Naperville Township on track to levy $800,000 for 708 board, a tenth of the maximum amount possible

As Naperville Township prepares to levy property taxes for its 708 Mental Health Board for the first time, decision-makers say they are staying intentionally prudent.

Township officials are expected to OK an $800,000 levy on behalf of the board, far less than the maximum $8 million amount they could’ve requested.

The austerity was a measured decision, officials say.

“(We) have a duty to determine what needs are in the community and then to find a pathway forward to responsibly provide for that,” Naperville Township Assessor Matthew Rasche said.

“In determining what this … budget should be, we wanted to make sure that it was an amount sufficient to do some demonstrable good in the community without being so much that we wouldn’t know how to spend it.”

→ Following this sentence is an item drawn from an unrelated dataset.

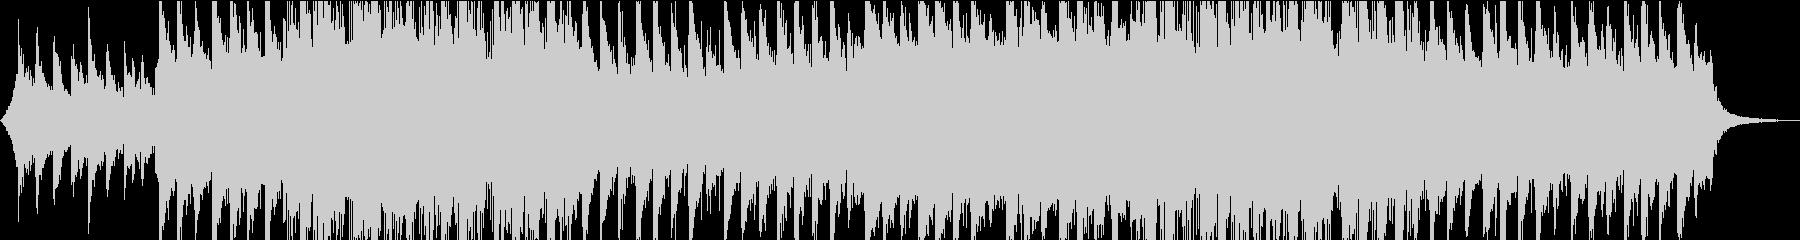 印象に残るメロディのピアノストリングス②の未再生の波形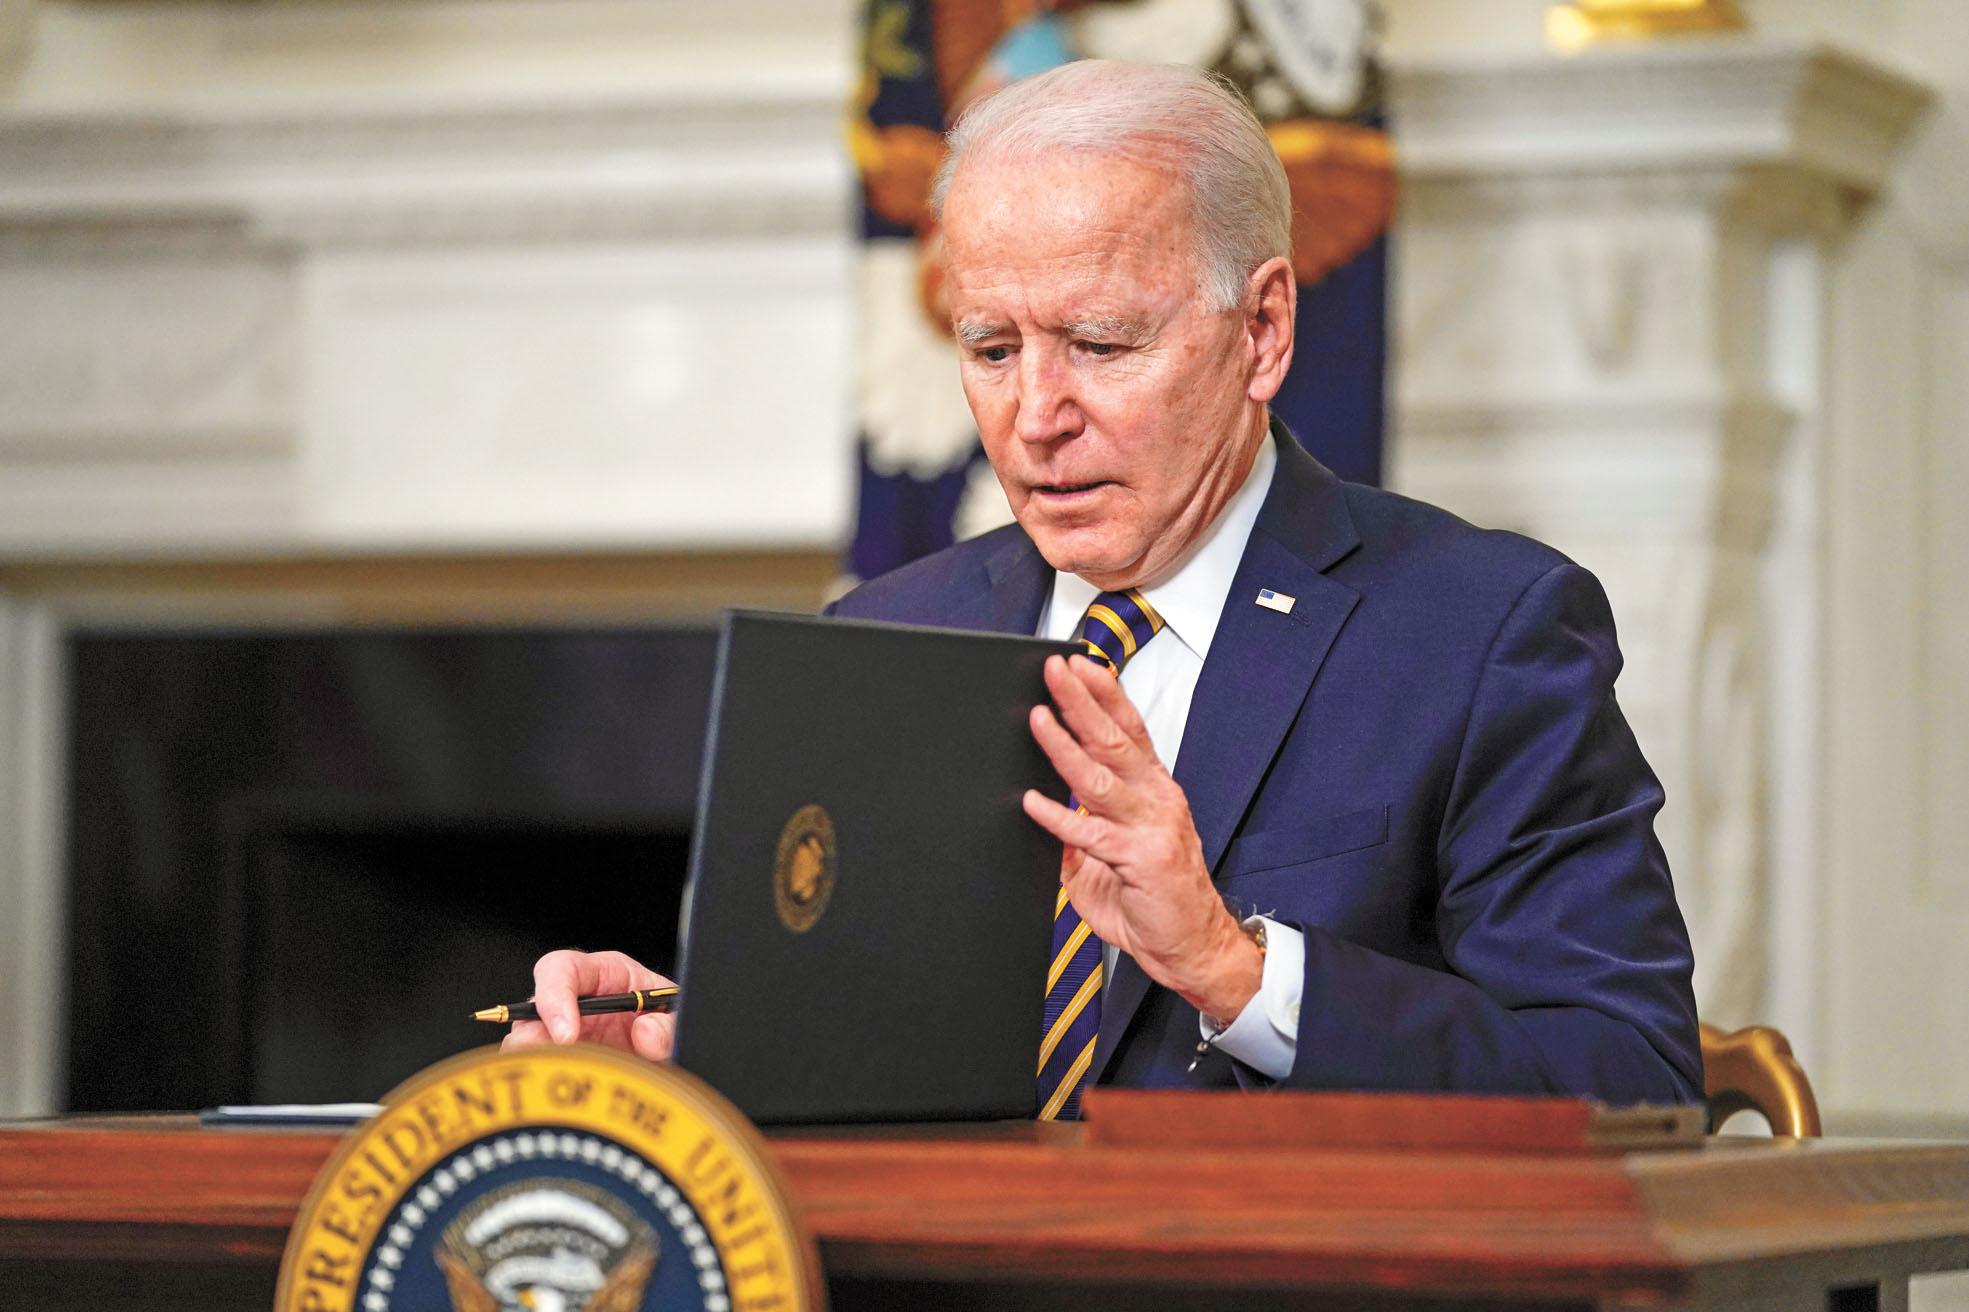 美國總統拜登24日簽署行政命令,強化美國關鍵產業供應鏈。美聯社

Naperville’s community mental health board is still a relatively new and exploratory venture, Rasche said. Voters, by referendum, approved creating the body just over a year ago.

Dozens of mental health boards service communities, municipalities and townships across the state. Governed by the Illinois Community Mental Health Act, the boards use property tax funds to improve local behavioral health services, including those tied to mental health, developmental disabilities and substance abuse.

When asked if they wanted a Naperville version on ballots last year, nearly 60% of voters in the township said yes.

The approved referendum also allowed Naperville Township to levy up to 0.15% annual property tax that would serve as its mental health board’s source of revenue. Imposing the full amount would yield about $8 million but the body doesn’t need that much, Rasche said.

“This is our first year,” he said. “This is inaugural. … We wanted to be very judicious with the taxpayer funds and to not get ahead of our skis.”

Rasche is one of nine members on Naperville Township’s mental health board. Other members consist of local mental health professionals, community volunteers and two other township officials, including Supervisor Eddie Bedford.

The group has met intermittently since forming. According to Bedford, meetings “have been very, very productive.”

“(We’ve) had lots of conversations so far about where we can go and where we should go,” he said. “And then a lot of discussion on what the levy should look like.”

Bedford said it was, for the most part, a unanimous vote to seek $800,000.

“The bottom line is that we could have levied up to $8 million,” he said. “(But) the township itself functions on $3.6 million. To levy $8 million, I think the taxpayers would have come after us like crazy.”

With the amount requested, the average township homeowner will see their tax bill go up about $21.

“I think (the $800,000) is a good starting point,” Bedford said.

Final levy approval is to be made at the township board’s Dec. 12 meeting. State law requires that taxing districts file tax levy documents with the county clerk by the last Tuesday in December, which this year is Dec. 26.

Bedford says Naperville Township is “right where we should be’' in developing a mental health board. That’s despite the board’s future being uncertain just a few months ago.

In August, concerns surfaced that not only Naperville’s referendum, but those establishing mental health boards in several other suburban communities were invalid because they didn’t include certain language and details required by state law. The technical error jeopardized local governments’ ability to collect revenue for their mental health board programs next year.

Last month, however, Illinois lawmakers validated the questioned referendums with Senate Bill 690.

Gov. J.B. Pritzker signed the bill Nov. 17, according to Illinois Senate Democrats communications specialist Erin Carney. It went into effect immediately, she said.

“We were very sensitive to the issue that was happening downstate,” said John Waller, Naperville Township trustee and a mental health board member.

“They took it just about to the wire (in getting it passed). It would have been a real time crunch if they had taken it any further. … We convened a special meeting less than a week after they made that decision so that we could get this whole process going and make sure we were doing the right steps.”

Still, even while confusion was being worked out, Waller and Bedford resolved that “we were going to keep going until someone told us not to,” Waller said.

“If we put a pause on things, then you just stopped all the momentum going forward,” he said. “It just defeats the purpose. If the legislature was going to tell us to stop everything, we were prepared to do that. But we also wanted to make sure we were following our plan.”

With the obstacles cleared, Waller said he and other board members are now working towards developing a one-year and three-year plan for how they can best allocate tax revenue. The board plans to engage with local mental health organizations to ensure funding goes where it is most needed, he said.

“I think we need to reach out to (those partners) just as a starting point to ask (them), ‘Where are your gaps? Where are your shortfalls? In the best of all possible worlds, if you could expand your mental health programs, what would that look like? And how could we help you get there,’” Waller said. “That’s going to be our focus.”